Sería absurdo idealizar este vehículo como trasatlántico de ilusiones siempre cumplidas, pero su condición de escenario obligado debería granjearle el respeto y la literatura que no alumbra. Estábamos en el Metro cuando nos dijeron que la abuela había muerto, que papá había tirado a la basura los tebeos del Capitán Trueno y que nuestra primera novela era impublicable. ¿Quién osa patear los paisajes de sus desgracias? Pero el Metro, quizá porque llega hasta cuando se le maltrata, permite esa licencia.
La burguesía es uno de los sueños más agradables: poner la calefacción sin mirar el bolsillo, beber vino sin consultar el precio, ir de vacaciones sin el freno de mano, comprar libros viejos sin saquear la cartera… Pero el burgués asentado yerra incomprensiblemente en una asignatura elemental, el transporte.
Prefiere marearse en un taxi, exasperarse al volante o gritar en un atasco a caminar por Macondo de la mano de García Márquez mientras el vagón le acerca a su destino. “En coche voy más rápido”. Pero, ¿no se trataba de ser burgués? El orgasmo que supone derrochar el tiempo supera con creces al que brinda malgastar unos cuantos billetes.

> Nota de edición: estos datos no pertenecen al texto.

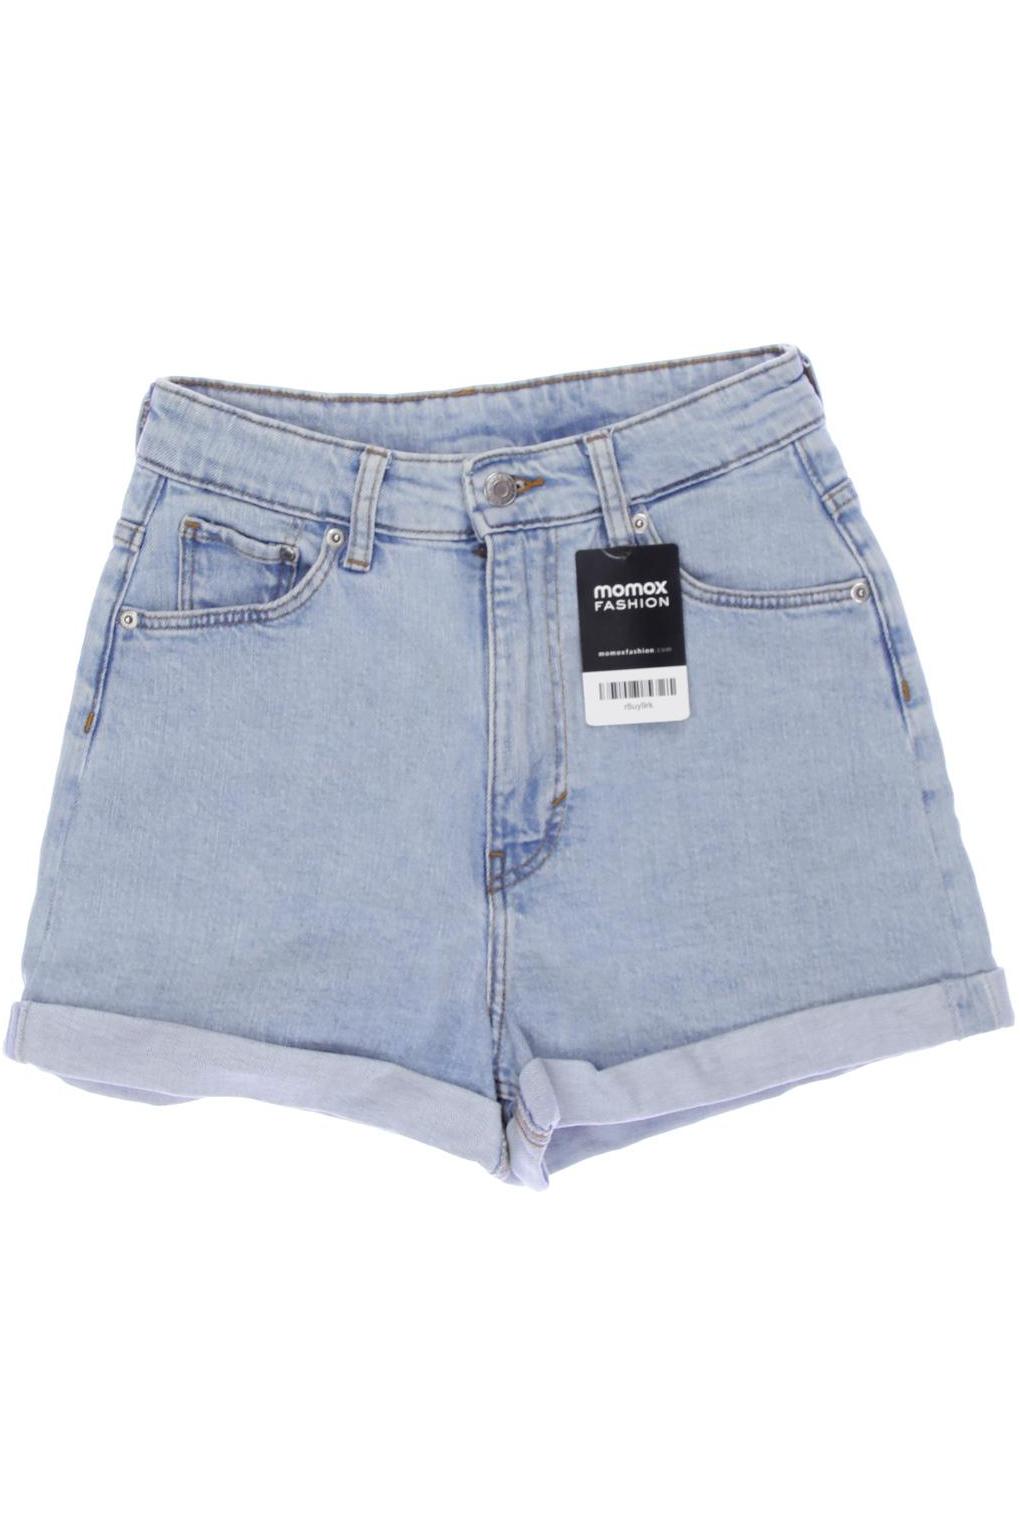 H&M Damen Shorts, hellblau, Gr. 34 von H&M

Hace no mucho, entré por los pelos en un convoy de la línea 1, la azul clara. Me topé con el rey, que no dejaba de sonreír. En sus ojos vi algo más que protocolo –y si no lo vi, lo digo ahora, que para algo la columna nos libera del periodismo–: devoraba con las pupilas esos asientos marrones, duros, lo suficientemente incómodos para que el usuario afronte el presente con actitud de centinela. Sin embargo, no le dejaron explorar más allá de las fotos de rigor. Esa noche, imagino, llegó a su palacio y lamentó que su sangre le privara del lujo peor valorado: el Metro. Sí, “el puto Metro”.